This is basically orthogonal to docs/134074 , and also does not attempt to remedy the lack of a Semaphores section or the lack of content on lockmanager locks.

There is a little bit of markup change and clarity improvement as well.
>How-To-Repeat:
man 9 locking
>Fix:
patch available at
http://stuff.mit.edu/afs/sipb.mit.edu/user/kaduk/freebsd/patches/locking.9.diff.2009.07.20
and inlined below

--- locking.9.orig      2009-07-18 15:15:25.000000000 -0400
+++ locking.9   2009-07-20 00:34:46.000000000 -0400
@@ -77,8 +77,8 @@
 Some of these primitives may be used at the low (interrupt) level and
 some may not.
 .Pp
-There are strict ordering requirements and for some of the types this
-is checked using the
+There are strict ordering requirements for the different lock types,
+and for some of the types this ordering is checked using the
 .Xr witness 4
 code.
 .Pp
@@ -98,9 +98,10 @@
 A non-spin mutex can be considered to be equivalent
 to getting a write lock on an
 .Em rw_lock
-(see below), and in fact non-spin mutexes and rw_locks may soon become the same thing.

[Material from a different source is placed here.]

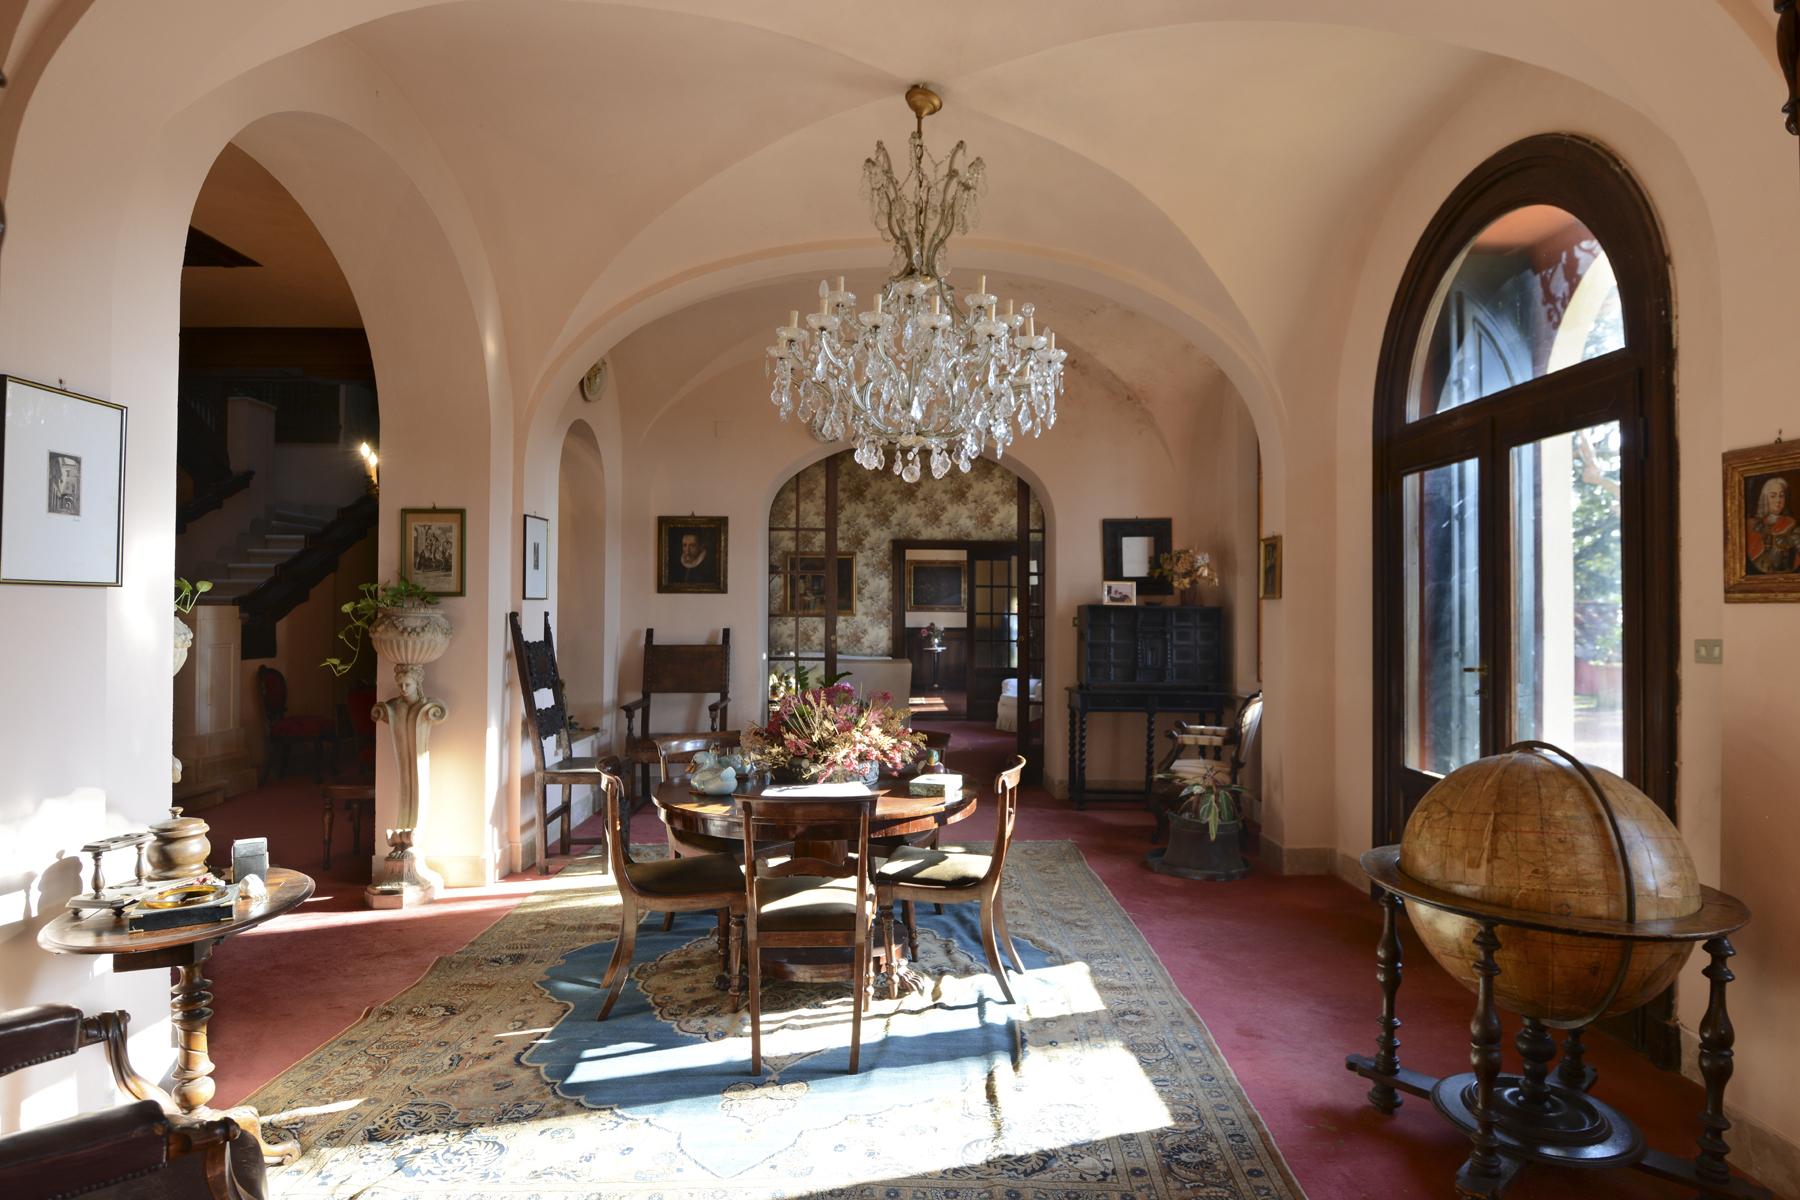 Villa in Vendita a Casciana Terme Lari: 5 locali, 1800 mq - Foto 16

-As in spin mutexes, you either get it or you don't.
-You may only call the
+(see below), and in fact non-spin mutexes and rw_locks
+may soon become the same thing.
+As for spin mutexes, you either get it or you don't.

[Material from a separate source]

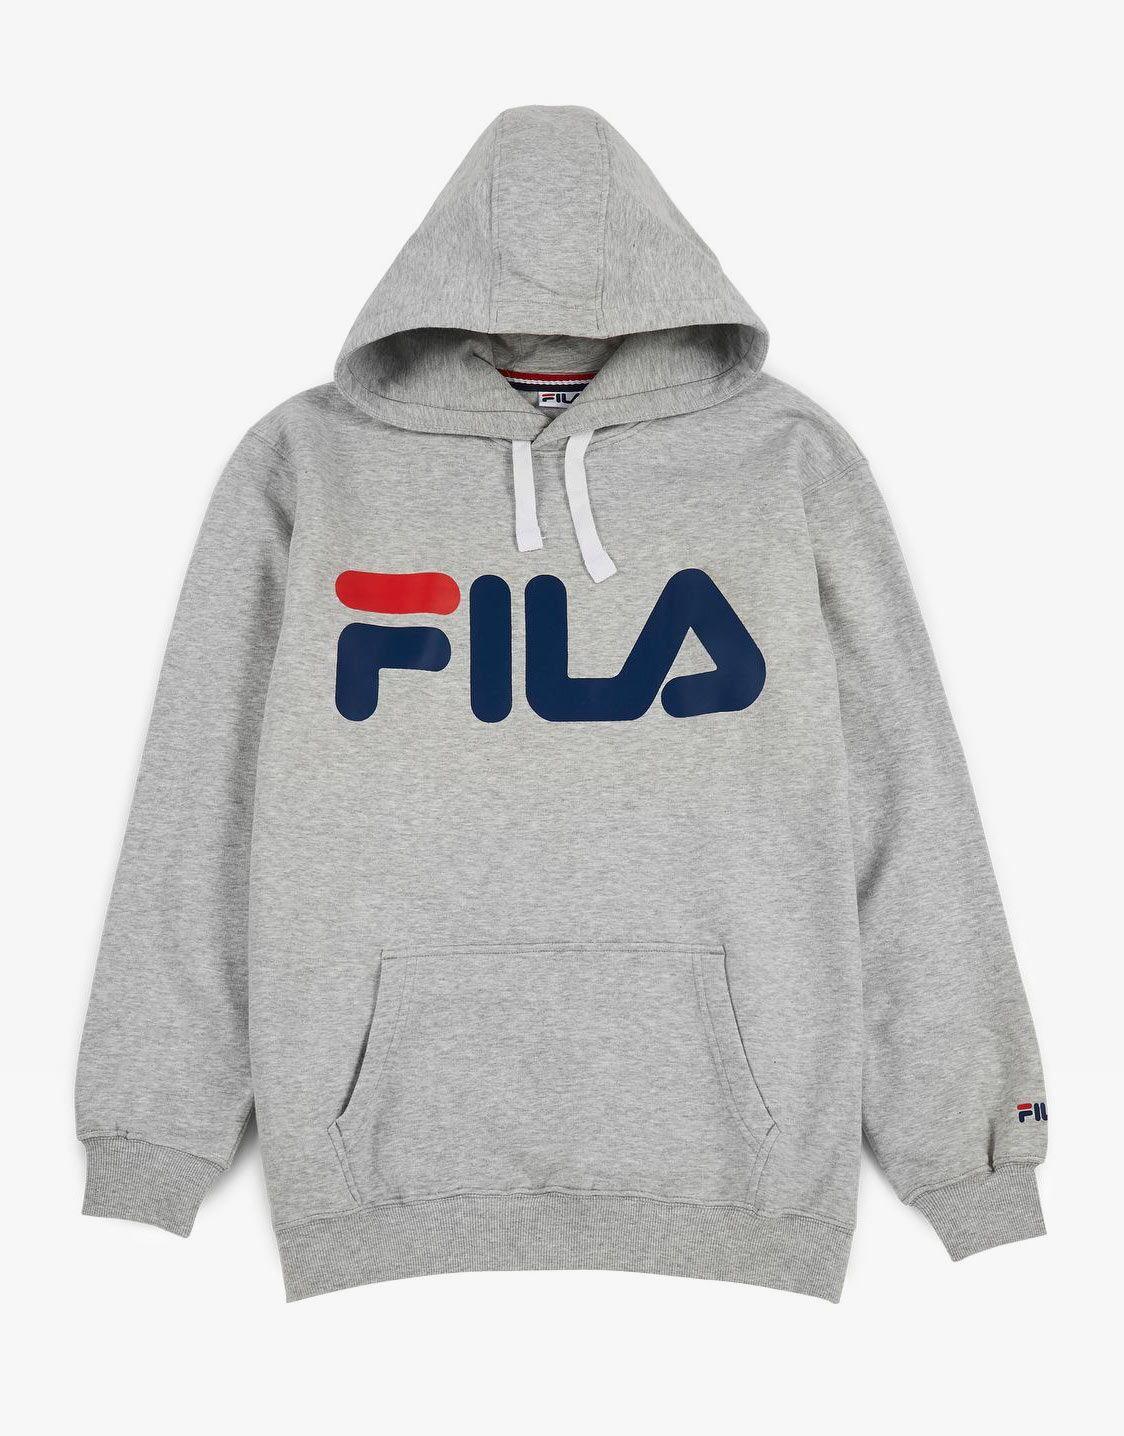 Details about Fila Men's Logo Fleece Pullover Hoodie Size XL Grey Black White

+While holding a mutex, you may only call the
 .Xr sleep 9
 call via
 .Fn msleep
@@ -111,20 +112,22 @@
 as part of waking up.
 This is often however a
 .Em BAD
-idea because it generally relies on you having
+idea because it generally relies on you the programmer having
 such a good knowledge of all the call graph above you
-and what assumptions it is making that there are a lot
+and what assumptions the calling code has made that there are a lot
 of ways to make hard-to-find mistakes.
-For example you MUST re-test all the assumptions you made before,
-all the way up the call graph to where you got the lock.
-You can not just assume that mtx_sleep can be inserted anywhere.
-If any caller above you has any mutex or
-rwlock, your sleep, will cause a panic.
+For example you MUST re-test all the assumptions that were made before
+acquiring the lock, in all the levels of the call graph.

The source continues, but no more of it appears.